Background: Reference tissue-based quantification of brain PET data does not typically include correction for signal originating from blood vessels, which is known to result in biased outcome measures. The bias extent depends on the amount of radioactivity in the blood vessels. In this study, we seek to revisit the well-established Logan plot and derive alternative formulations that provide estimation of distribution volume ratios (DVRs) that are corrected for the signal originating from the vasculature.

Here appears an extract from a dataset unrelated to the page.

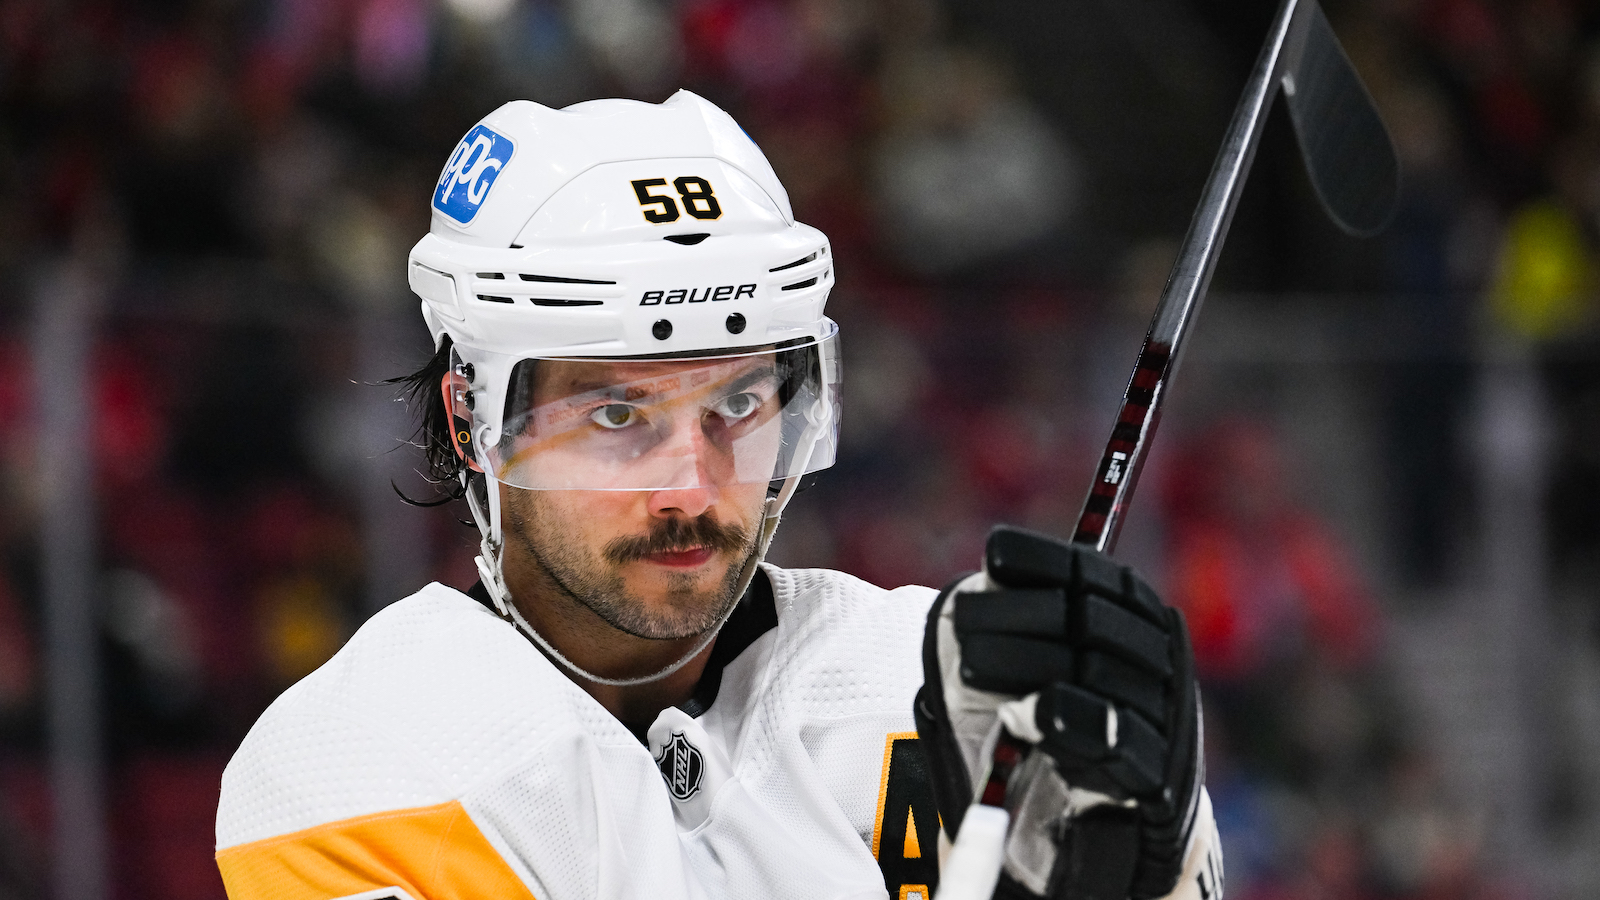 Penguins' Hextall says he'd 'be surprised' if Letang deal doesn't get done

Results: New expressions for the Logan plot based on arterial input function and reference tissue were derived, which included explicit terms for whole blood radioactivity. The new methods were evaluated using PET data acquired using [11C]raclopride and [18F]MNI-659. The two-tissue compartment model (2TCM), with which signal originating from blood can be explicitly modeled, was used as a gold standard. DVR values obtained for [11C]raclopride using the either blood-based or reference tissue-based Logan plot were systematically underestimated compared to 2TCM, and for [18F]MNI-659, a proportionality bias was observed, i.e., the bias varied across regions. The biases disappeared when optimal blood-signal correction was used for respective tracer, although for the case of [18F]MNI-659 a small but systematic overestimation of DVR was still observed.
Conclusions: The new method appears to remove the bias introduced due to absence of correction for blood volume in regular graphical analysis and can be considered in clinical studies. Further studies are however required to derive a generic mapping between plasma and whole-blood radioactivity levels.
Keywords: Blood volume; Kinetic modeling; Logan plot; PDE10A; PET; [18F]MNI-659.